Thursday 28 April 2022

THEATRE REVIEW: The Homecoming - The Curve Theatre, Leicester.



Pinter’s 1965 drama has been claimed as his most ‘representative’ work - or, more accurately, the most representative work of his early period that began with 'The Room' in 1957 - though in several ways it anticipates the move into more obviously poetic drama of later plays such as 'No Man’s Land'. Characteristic Pinter themes - the intrusion of outsiders into an established situation, man as competitive animal, woman as enigma - are all present and correct, but there is a new spareness to the writing and we’re left to ponder, even more than before, whether any of his characters are telling any recognised version of ‘the truth’.

In Jamie Glover’s current touring production, the verdict would seem to be that they’re all fantasists.
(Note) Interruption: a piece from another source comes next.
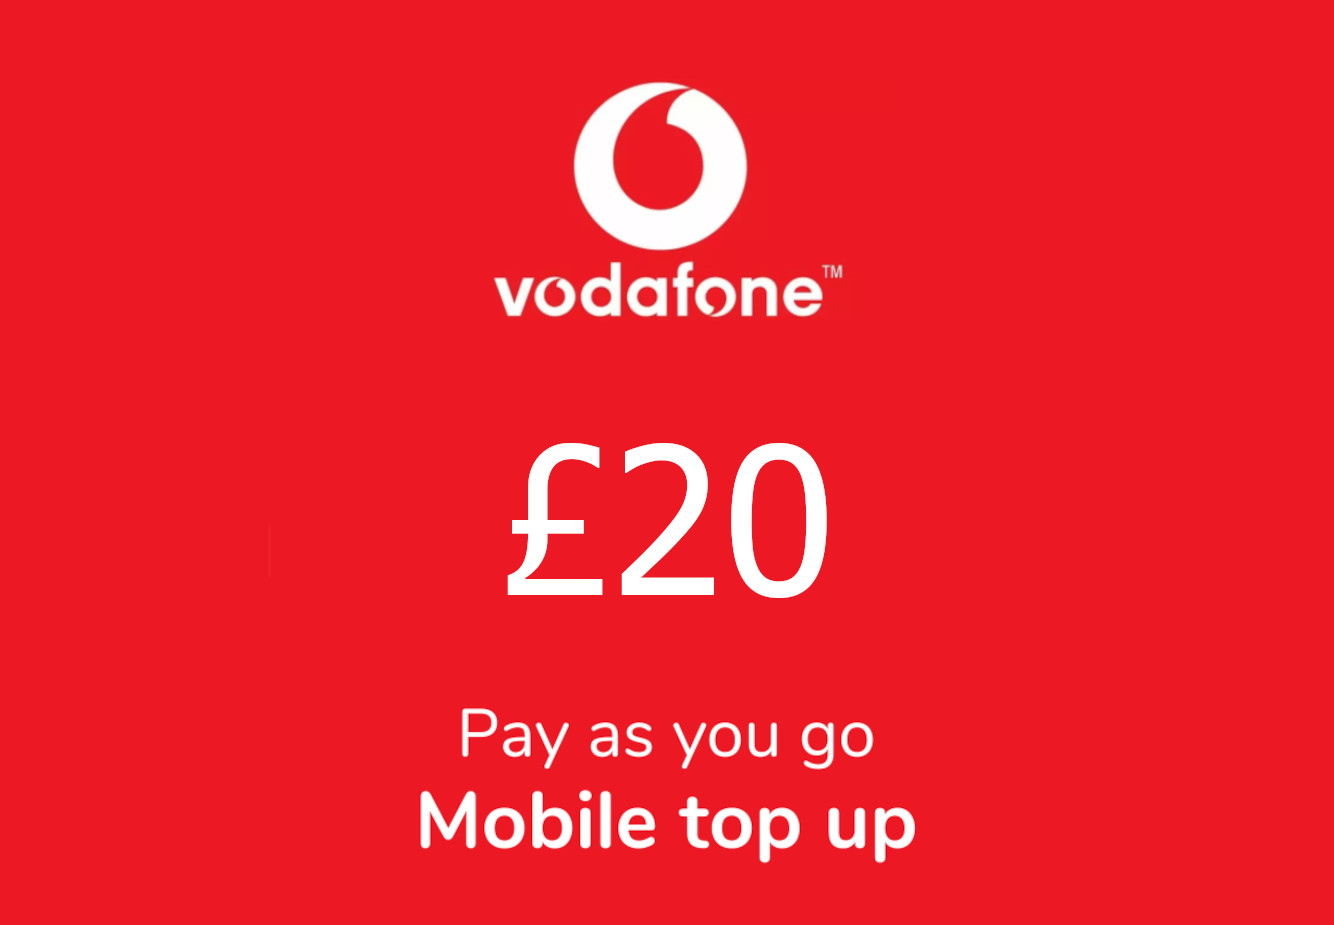 Vodafone £20 Mobile Top-up UK

Matthew Horne’s spiv-ish Lenny, with his over-elaborate hand gestures, seems to infer that his tales of beating up pox-ridden hookers and pesky old ladies, are both of the shaggy dog variety; and it’s hard to believe that Keith Allen’s surprisingly frail Max - whose nippy first entrance belies his later struggles to stay upright - was once ‘one of the worst hated men in the West End of London'. Similarly, Sam Alexander’s Teddy, all glib expressions and ersatz politeness, is playing the role of the visiting academic rather than being the genuine article.

Although perfectly viable (‘How do we know they are what they say they are?’ Pinter once asked), this has the effect of reducing the play’s menace quotient, at times taking it dangerously close to sitcom territory as the penultimate scene, in which the family discuss setting their new daughter-in-law up as a prostitute, illustrates all too clearly. This was the scene that had early audiences walking out with cries of ‘Animals!’; the Leicester audience only giggled.

Rounding out the cast, Ian Bartholomew offers a credible portrayal of Sam, the taxi-driving uncle whose sexuality is the subject of some ribald speculation by his brother. Geoffrey Lumb’s Joey, the aspiring boxer who’s ‘in demotion in the daytime’ is more introvert than simpleton. As Ruth, Shanaya Rafaat is suitably enigmatic but not the dominating figure she needs to be to effectively reduce a whole family (literally) to its knees by the end.

Liz Ashcroft’s set, with its vertiginous staircase and acres of patterned blue wallpaper is both too big and too easy on the eye to match with the pre-gentrified North London setting, and Max Pappenheim’s sound design punctuates scenes with a synthesised subterranean gurgling, to no obvious purpose. Although The Homecoming remains a classic text, it can be a difficult one to pull off and, in this case, less than full justice has been done to it.